SRX

Attached is a PIX/ASA to SRX/Junos converter.

It's written in Perl and has a few instructions
included. I hope someone finds it useful.

...David

Attachment(s)

px2sx.zip   9 KB 1 version

Minor version update - bug fixed in a core routine when newer versions of NetAddr::IP were used.

Seems to work with older versions still, though.

...David

Attachment(s)

px2sx251.zip   9 KB 1 version

David -

WoW! - What an awesome tool. I was doing some testing it ran an old pix 6.x config file and within seconds it converted all the objects and rules. I'm so physced to work more with this tool.

I do need some help though. I ran a different PIX (version 8.03) config file and it errors out quickly with the below error. Any ideas?

admin@ubuntu:~/hms$ perl px2sx.pl hmspix

Starting conversion to Junos...

Zones & Routes...
Can't call method "network" on an undefined value at px2sx.pl line 83.

Line 83 on the PIX config is simply a named object. Are there version limitations with the tool?

This sounds awesome but I am having a hell of a time getting it to work on WIndows 😕

I have no knowledge of using Perl, but I grabbed a copy of ActivePerl community edition 5.14 and tried it out, it errored asking for NetAddr IP module. This is where I get lost 😞 Is there any simple instructions on doing this?

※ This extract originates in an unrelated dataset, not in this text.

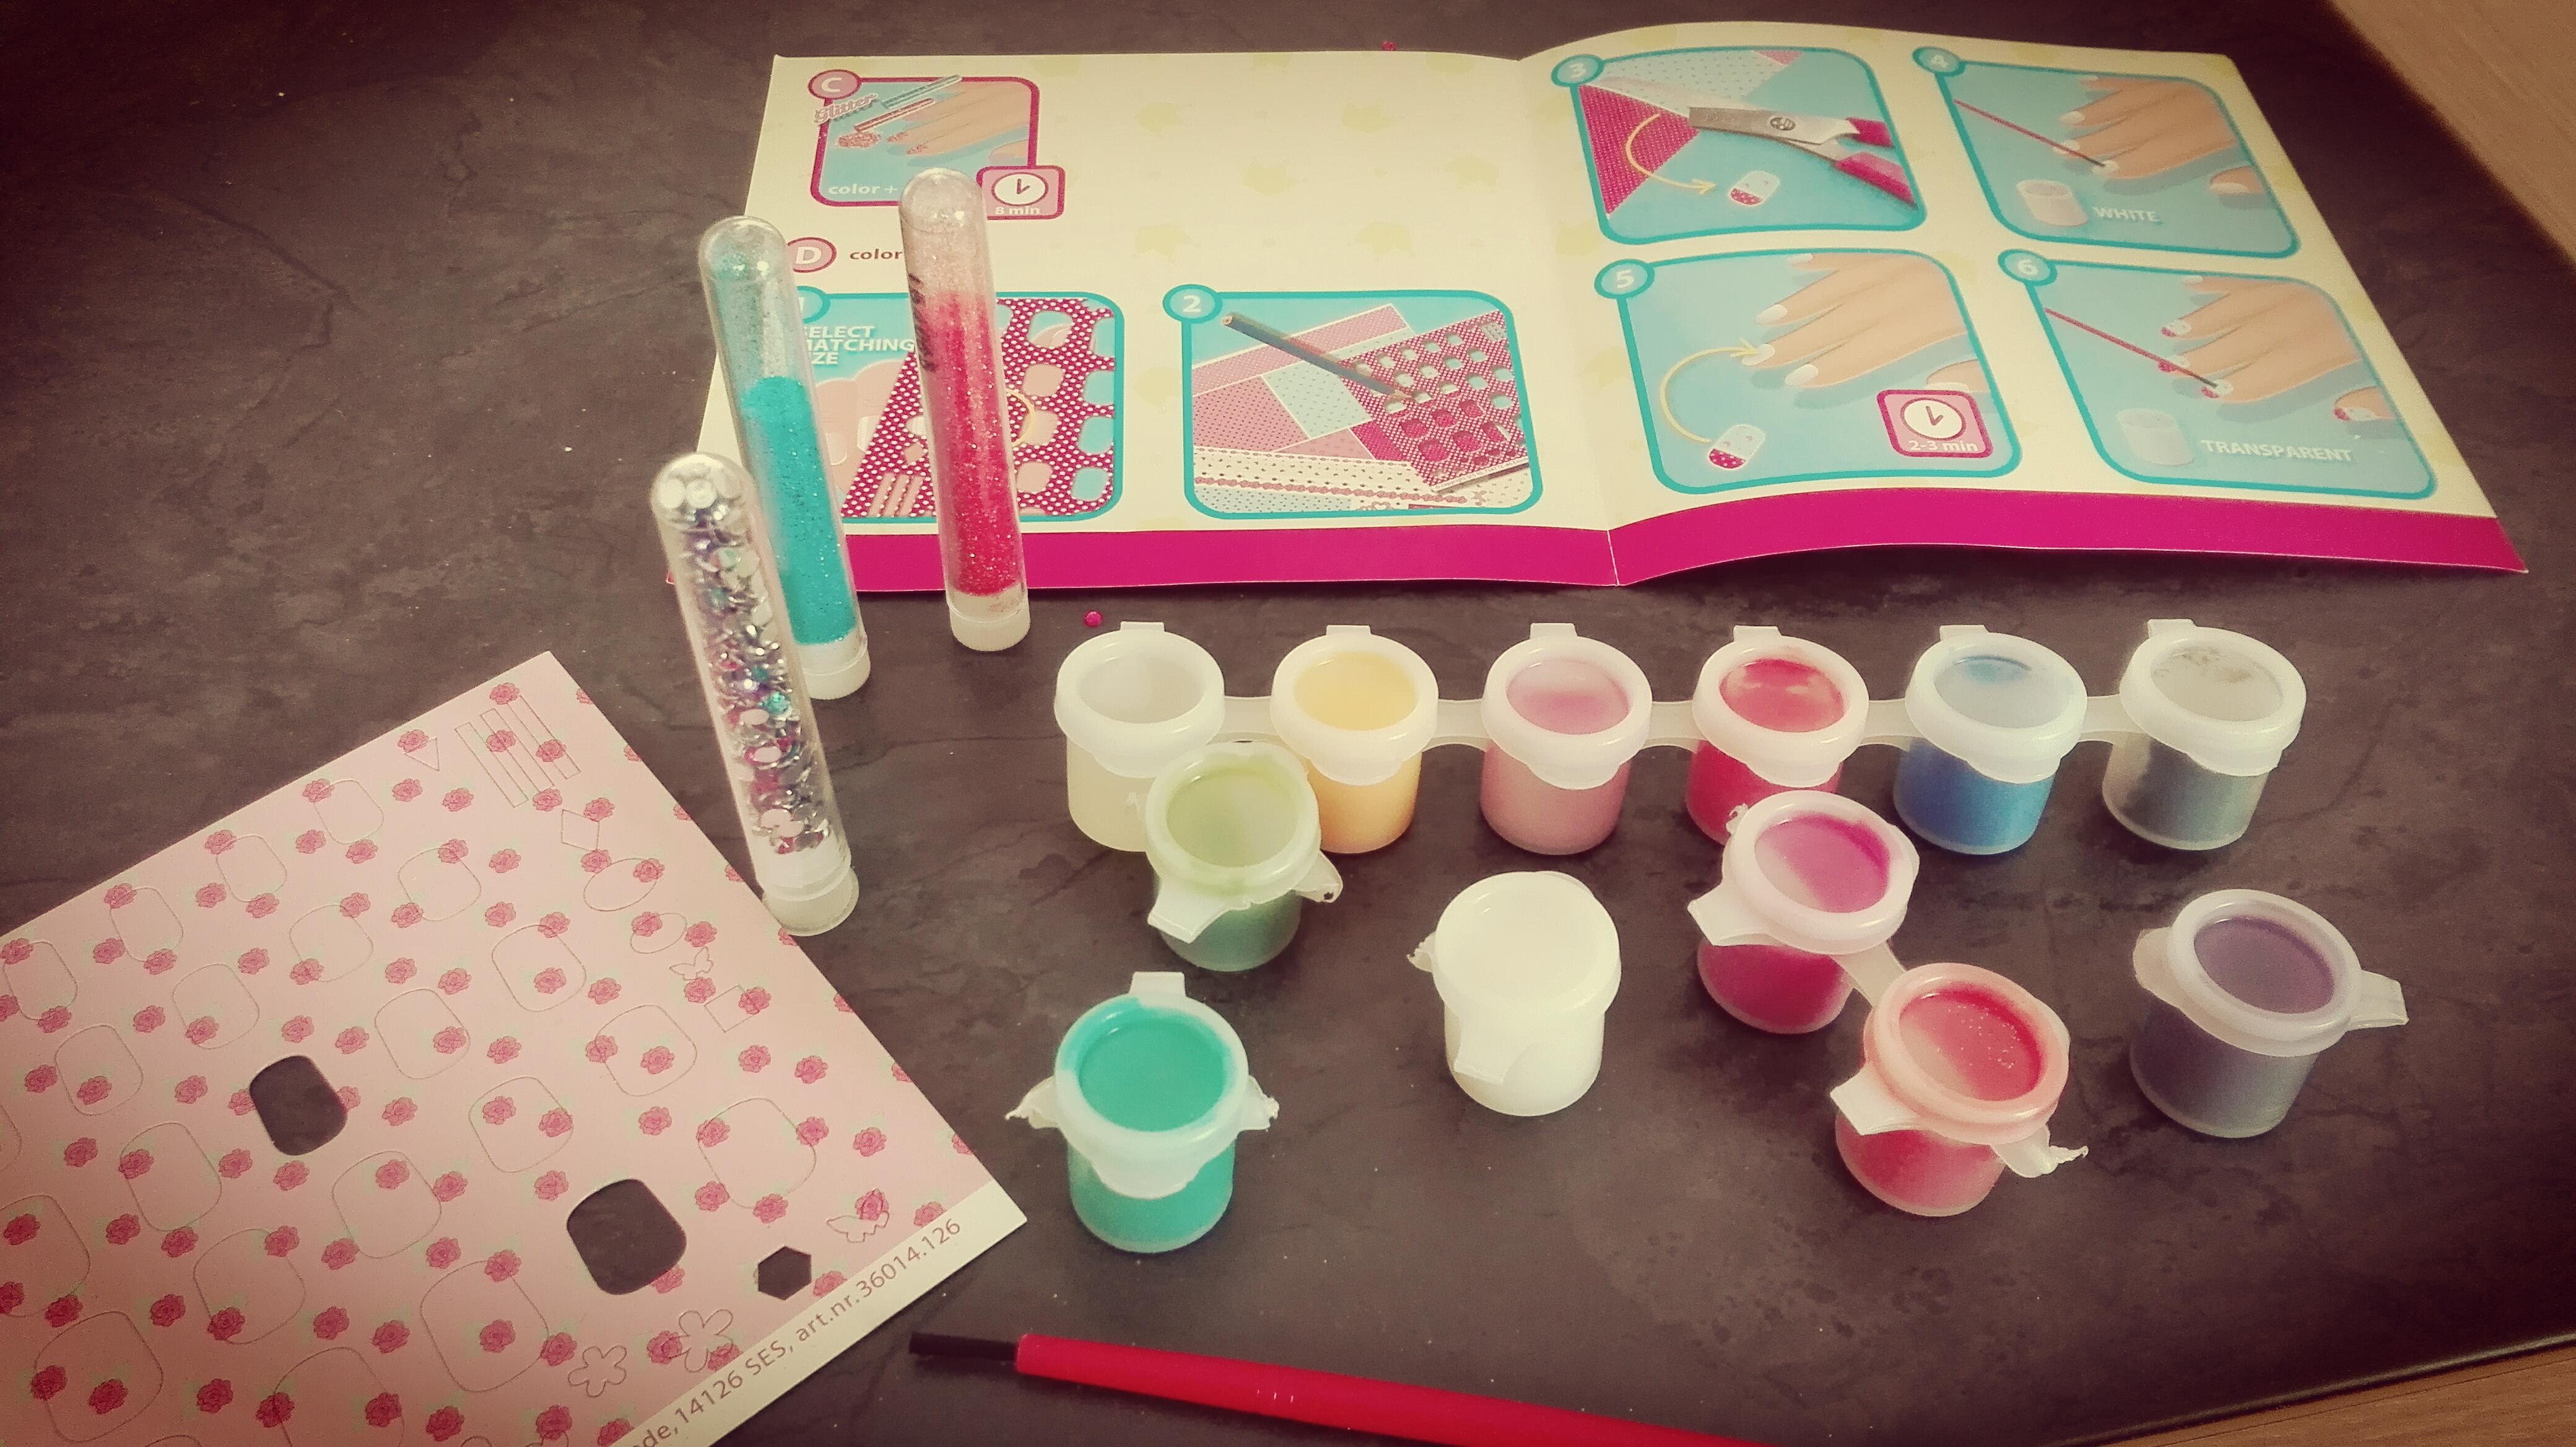 Ses Creative meisjes knutselen nagels versieren nagellak voor kinderen glitters instructieboekje nanny annelon meiden middag lekker friemelen en mooi make5

As with most of my experiences with code and unix installs you fix one tihng only to find another dependancy. I somehow managed to get IP.pm but now more issues:

C:\temp\perl px2sx.pl asa.txt
Can't locate auto/NetAddr/IP/Util/autosplit.ix in @INC (@INC contains: C:/Perl64
/site/lib C:/Perl64/lib .) at C:/Perl64/lib/AutoLoader.pm line 173.
 at C:/Perl64/lib/NetAddr/IP/Util.pm line 9
Can't locate NetAddr/IP/UtilPP.pm in @INC (@INC contains: C:/Perl64/site/lib C:/
Perl64/lib .) at C:/Perl64/lib/NetAddr/IP/Util.pm line 105.
Compilation failed in require at C:/Perl64/lib/NetAddr/IP/Lite.pm line 9.
BEGIN failed--compilation aborted at C:/Perl64/lib/NetAddr/IP/Lite.pm line 28.
Compilation failed in require at C:/Perl64/lib/NetAddr/IP.pm line 7.
BEGIN failed--compilation aborted at C:/Perl64/lib/NetAddr/IP.pm line 7.
Compilation failed in require at px2sx.pl line 16.
BEGIN failed--compilation aborted at px2sx.pl line 16.

It's not hard - run up the Perl Package Manager (comes with ActivePerl) and mark the NetAddr-IP package for install.

You might have to change the view to 'All Packages' first, and it does take a while to start up so patience is needed.

5.14 should be OK - it uses the 'given - when' syntax so anything from 5.10 onwards should be OK.

...David

Yes - currently it doesn't handle version 8 NATs. But I've sorted out most of the other bugs, so it's probably time to upload a newer version.

...David

David, 

can you help with converting ASA config to SRX ? it is kind of last minute urgent thing, can i send you a copy of the ASA configuration ? 

This is most excellent and saved me a lot of manual work. Thank you!

Newer version. Some support for v8 config files now.

Various bugs fixed & features added.

...David

Attachment(s)

px2sx258.zip   11 KB 1 version

hello my name is David Shariel mexico city, I need help converting a file from a Cisco Asa a Juniper SRX240.
They could help

Thanks David that new version worked perfectly!

I figured out my issue earlier with perl also - I was trying to get it to install on a machine that did not have direct Internet access. You'd never figure how hard it is to install modules for perl without Internet access 😞 In the end I just grabbed a laptop and used my celluar mobile access and installed it that way - easy as can be 🙂

Very nice script!!! When I run it I get the address books, zones, destination/static NAT, and routes, but an error on 506:

Can't call method "within" on an undefined value at px2sx.pl line 506.

Thanks,

Nick

I receive a similar but slightly different error...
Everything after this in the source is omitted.